На входных дверях снаружи я увидел письмо на мое имя. Оно было приколото кнопкой.
Я торопливо вскрыл письмо и не мог не воскликнуть от изумления: в письме было поздравление от… лондонских воров и грабителей! В изысканно вежливой форме поздравляли меня, как неизменного спутника Холмса и историографа его подвигов, выражалось пожелание многих лет «совместной работы». Письмо было подписано председателем «главного лондонского клуба воров» — известным грабителем Джоном Джемсоном, по прозванию «Стальной Лом». Его подпись была скреплена секретарем Вилльямсом Пэджем, по прозвищу: «Не зевай». Далее следовали подписи около 30 членов клуба, которые добросовестно выписали свои имена и прозвища — «Пистолет», «Буравчик», «Лакомка», «Воробей», «Тюльпан», «Чертик», «Выгребай», «Маркиз», «Дантист», «Экспресс» и мн. др. В письме лежала свежая фиалка, которую воры рекомендовали мне одеть в петлицу фрака.
Признаюсь, это письмо меня встревожило. Я почувствовал в этой проделке что-то угрожающее не мне, конечно, а другу моему Холмсу. Я вернулся домой, бросился к телефону, дал номер Холмса. Из телефонного бюро мне ответили, что № 1667091 «не действует». Смутная тревога, мною овладевшая, превратилась в твердое убеждение, что Холмсу что-то угрожает. Жена, увидев мое расстроенное лицо, кинулась ко мне с расспросами: «Что случилось? Почему ты вернулся?»
Я вкратце рассказал ей о своих опасениях, показал письмо. Она побледнела, но, сохраняя присутствие духа, сказала дрожащим голосом: «Спеши к Холмсу!.. Ты ему нужен и Господь храни вас обоих!.. Возьми револьвер!».
Я хотел было звонить в главное сыскное бюро, но не решился этого сделать, не узнав, в чем дело. Холмс, с его самолюбием, не простил бы мне фальшивой тревоги, которая могла его поставить в смешное положение.
Едва я выбежал из подъезда, как со мной столкнулся какой-то джентльмен, прекрасно одетый. Это столкновение было так неожиданно, что у меня с головы слетел цилиндр.
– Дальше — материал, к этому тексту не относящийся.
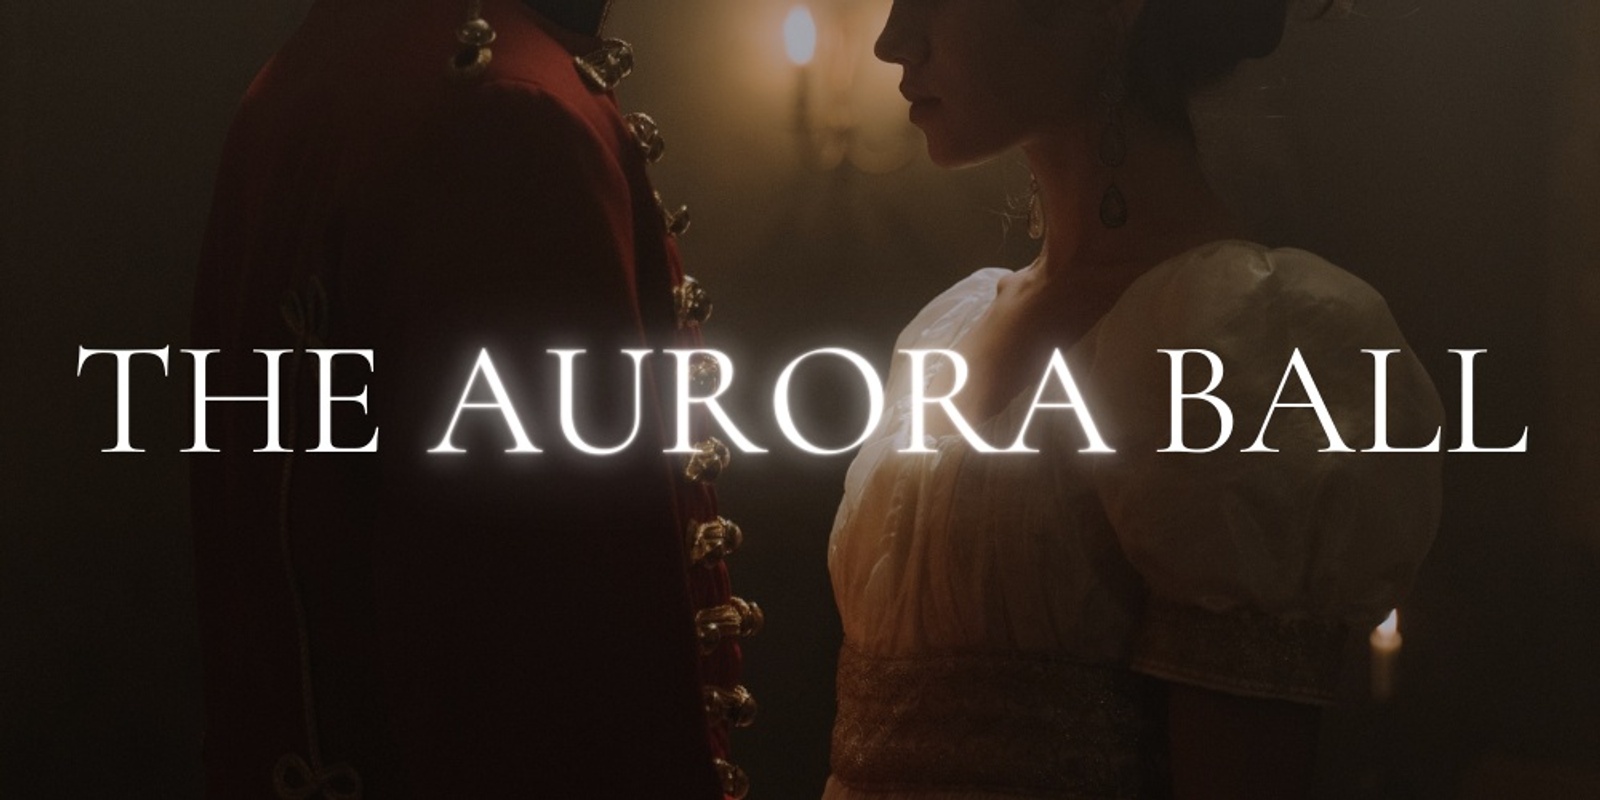 Banner image for The Aurora Ball

Едва я успел сообразить, в чем дело, как подбежал какой-то мальчишка, схватил мой цилиндр и исчез — словно в воду канул. Я посмотрел на господина, который стоял растерянный, тоже с обнаженной головой.
— У меня украли шляпу, — пробормотал он. — И у вас тоже? — учтиво осведомился он.
— Побежим догонять воров, — сказал он. — Я видел, как мальчишка с вашим цилиндром побежал туда, — и он махнул рукой в переулок, начинавшийся у моего дома. — А мою шляпу утащил вон тот оборванец… Я его догоню. Честь имею…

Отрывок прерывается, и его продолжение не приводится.